#### Input records:

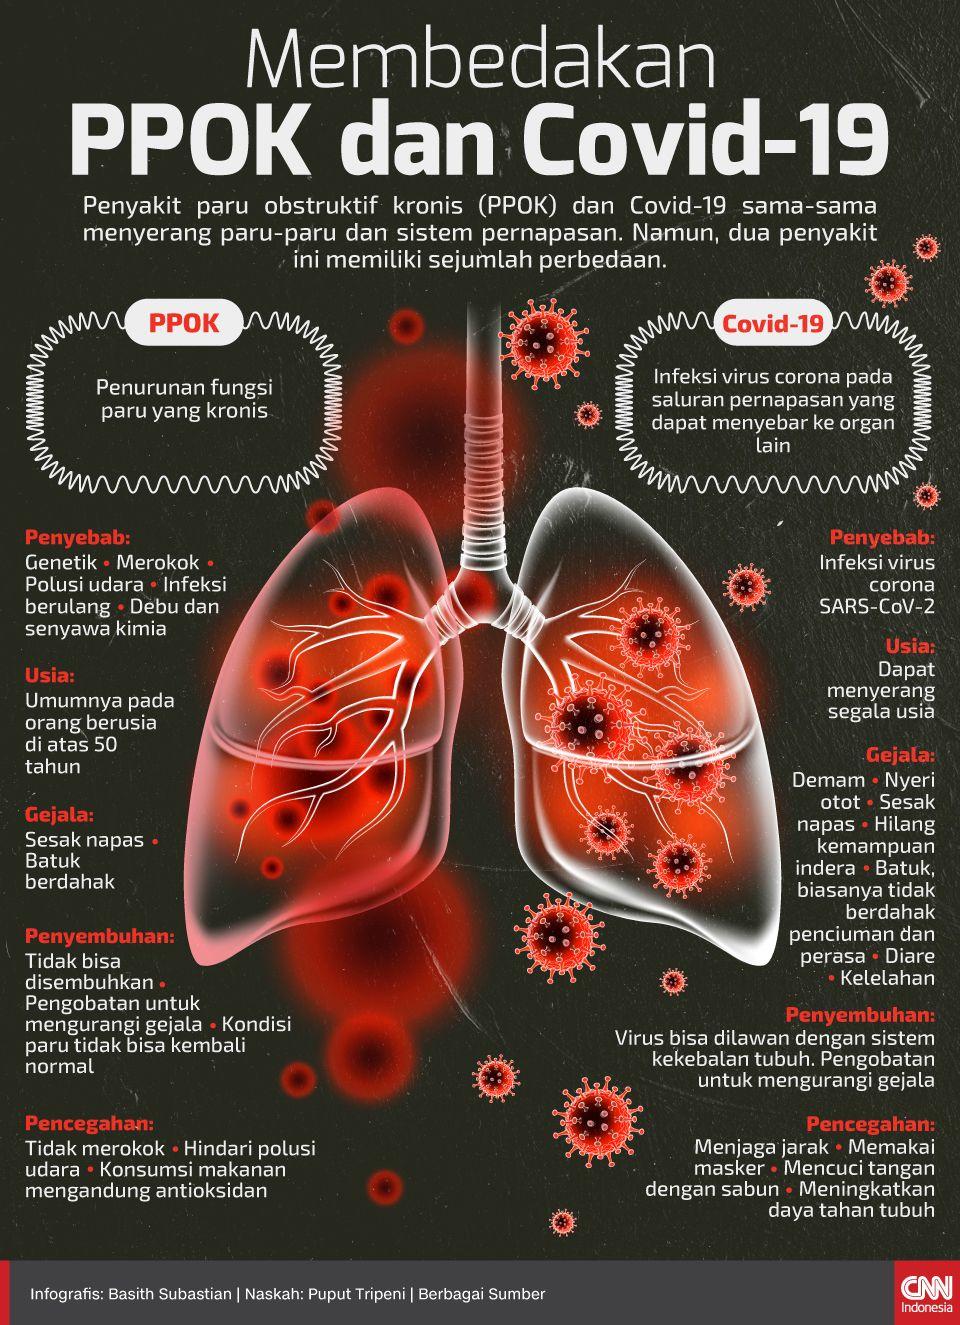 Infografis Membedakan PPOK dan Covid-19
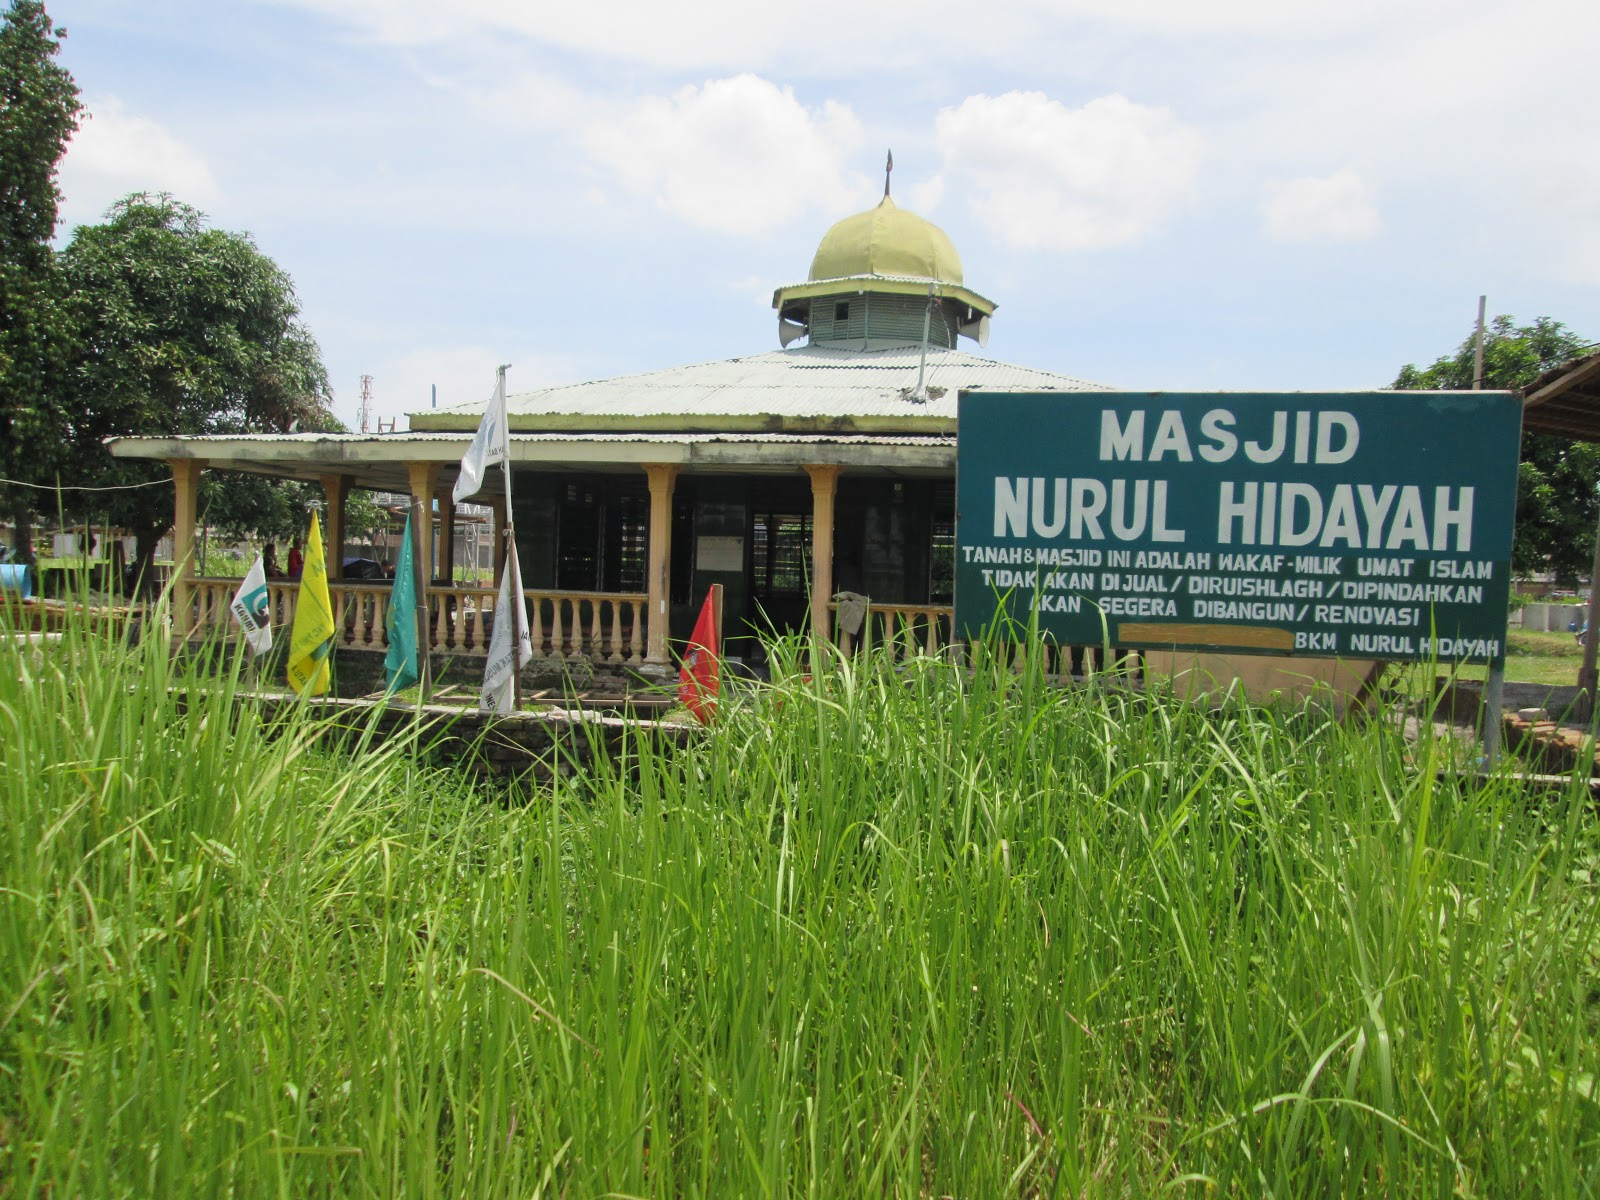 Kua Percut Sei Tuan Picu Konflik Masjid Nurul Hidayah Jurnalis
---
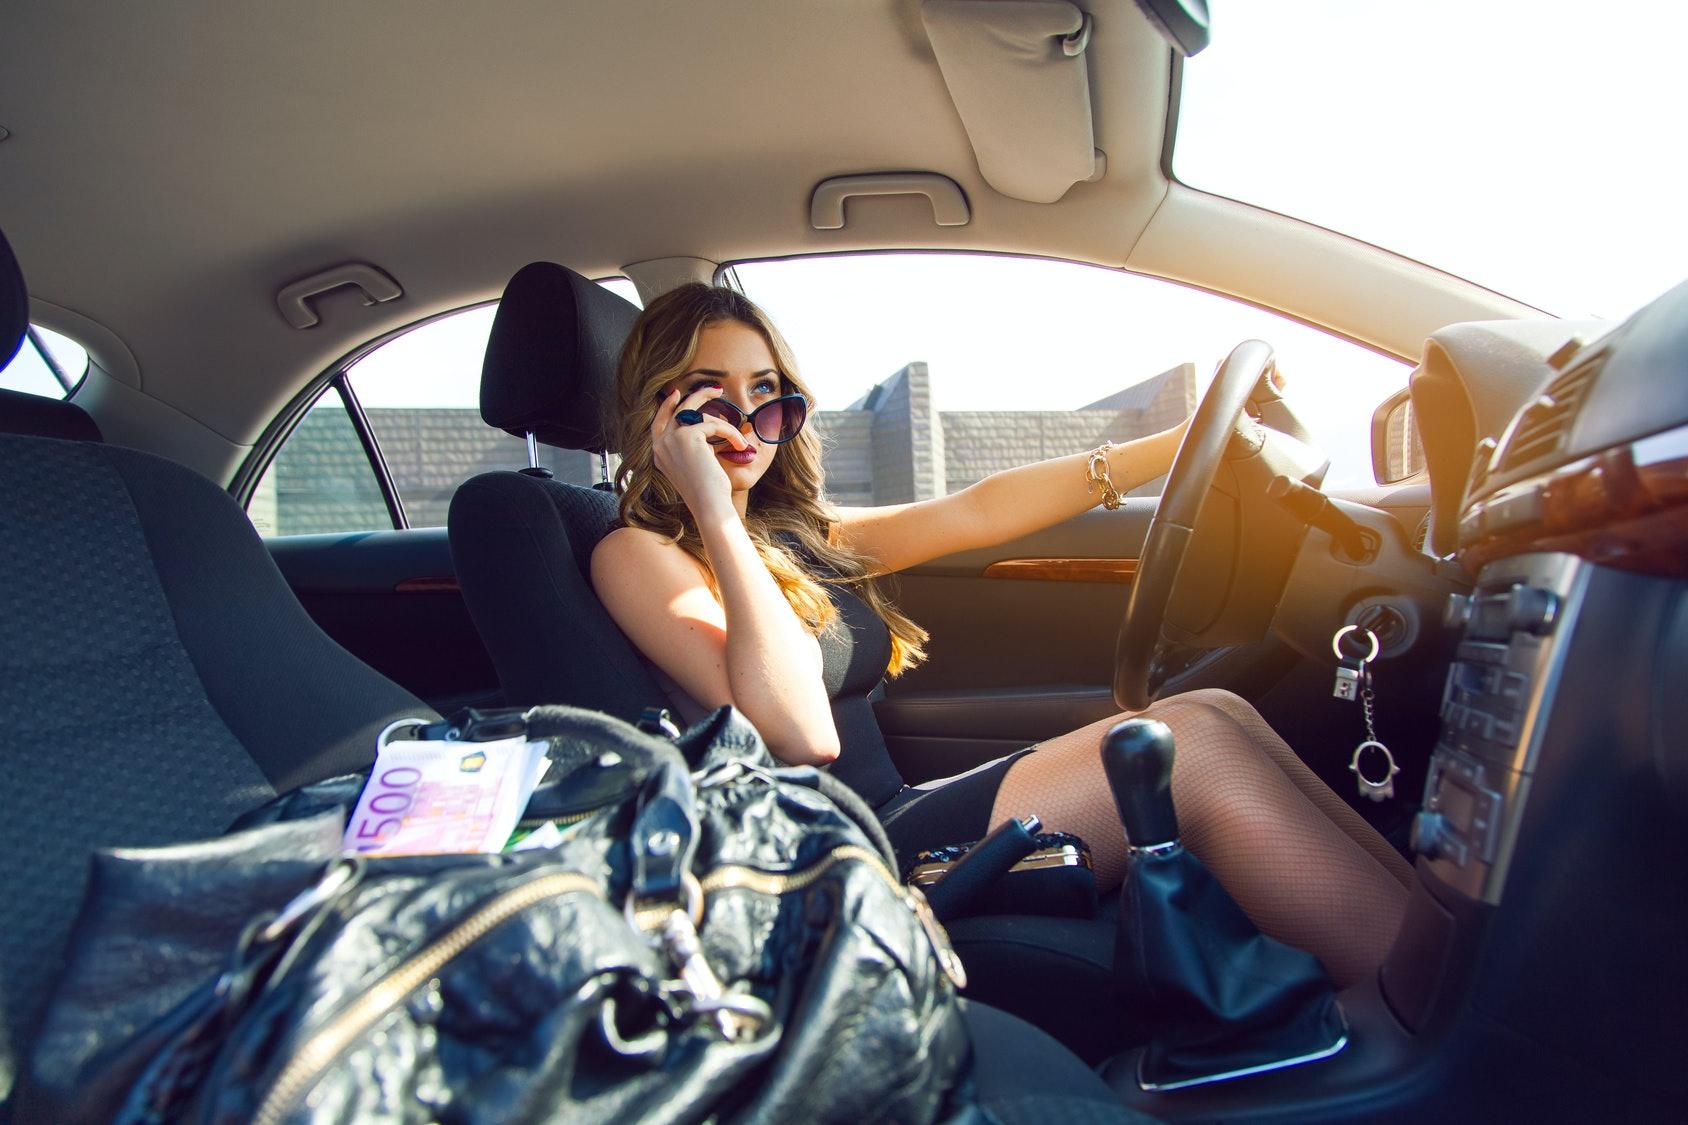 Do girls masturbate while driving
...
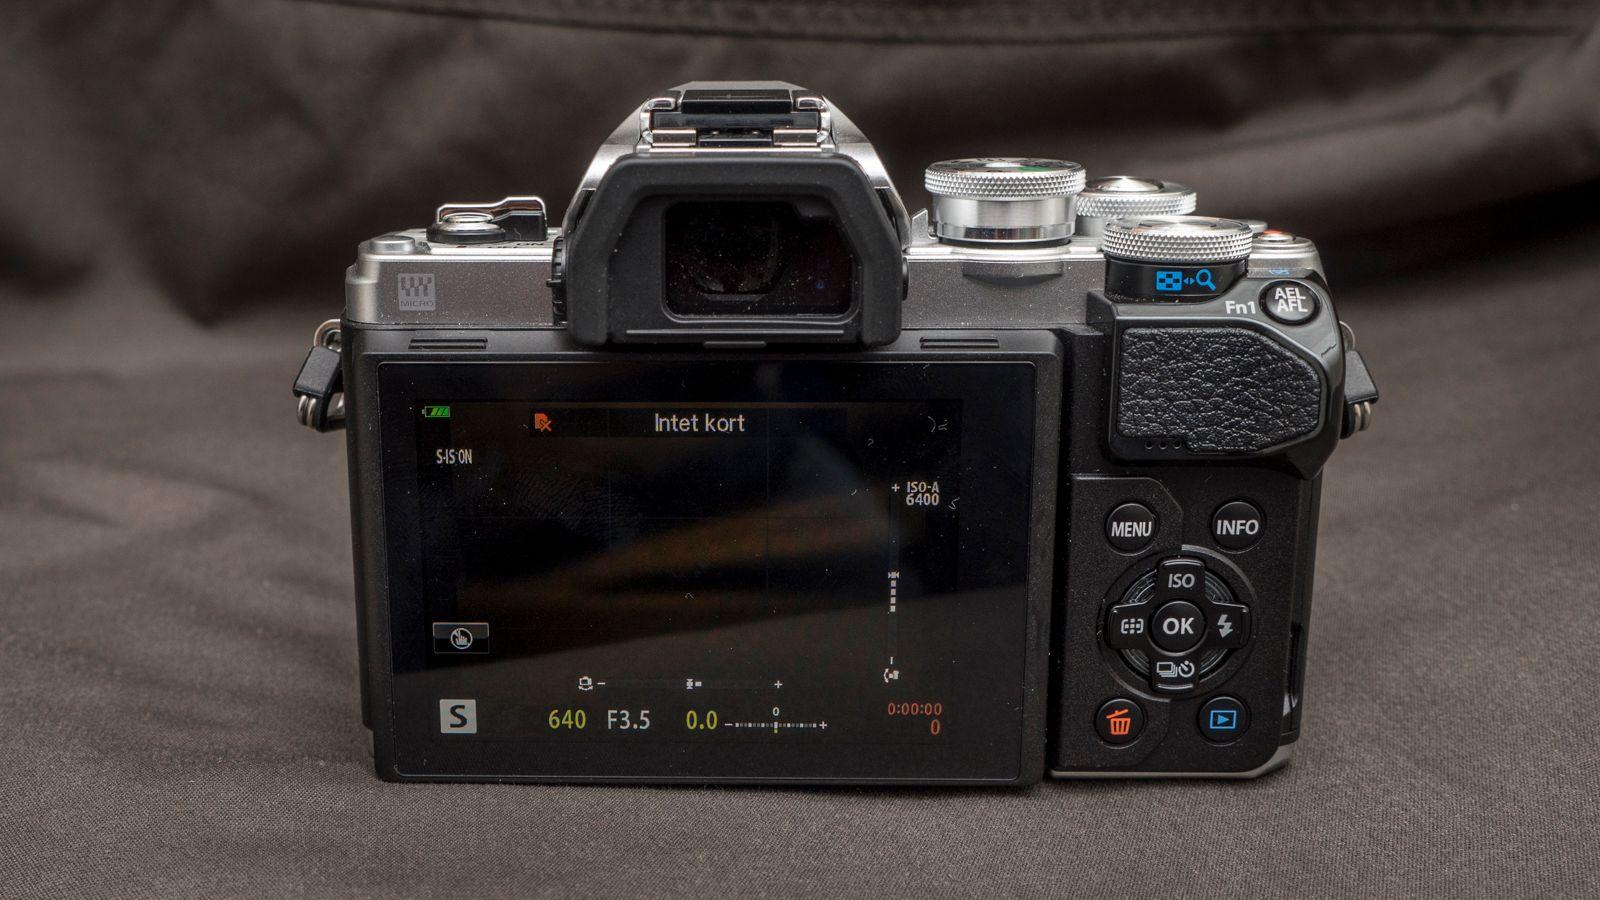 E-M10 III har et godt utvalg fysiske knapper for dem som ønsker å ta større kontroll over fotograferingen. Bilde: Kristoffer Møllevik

#### Work order:
Copy exactly, without pictures, the lines above from the one with "Infografis Membedakan PPOK dan Covid-19" down to the one with "Kua Percut Sei", inclusive.

#### Exercise output:
 Infografis Membedakan PPOK dan Covid-19
 Kua Percut Sei Tuan Picu Konflik Masjid Nurul Hidayah Jurnalis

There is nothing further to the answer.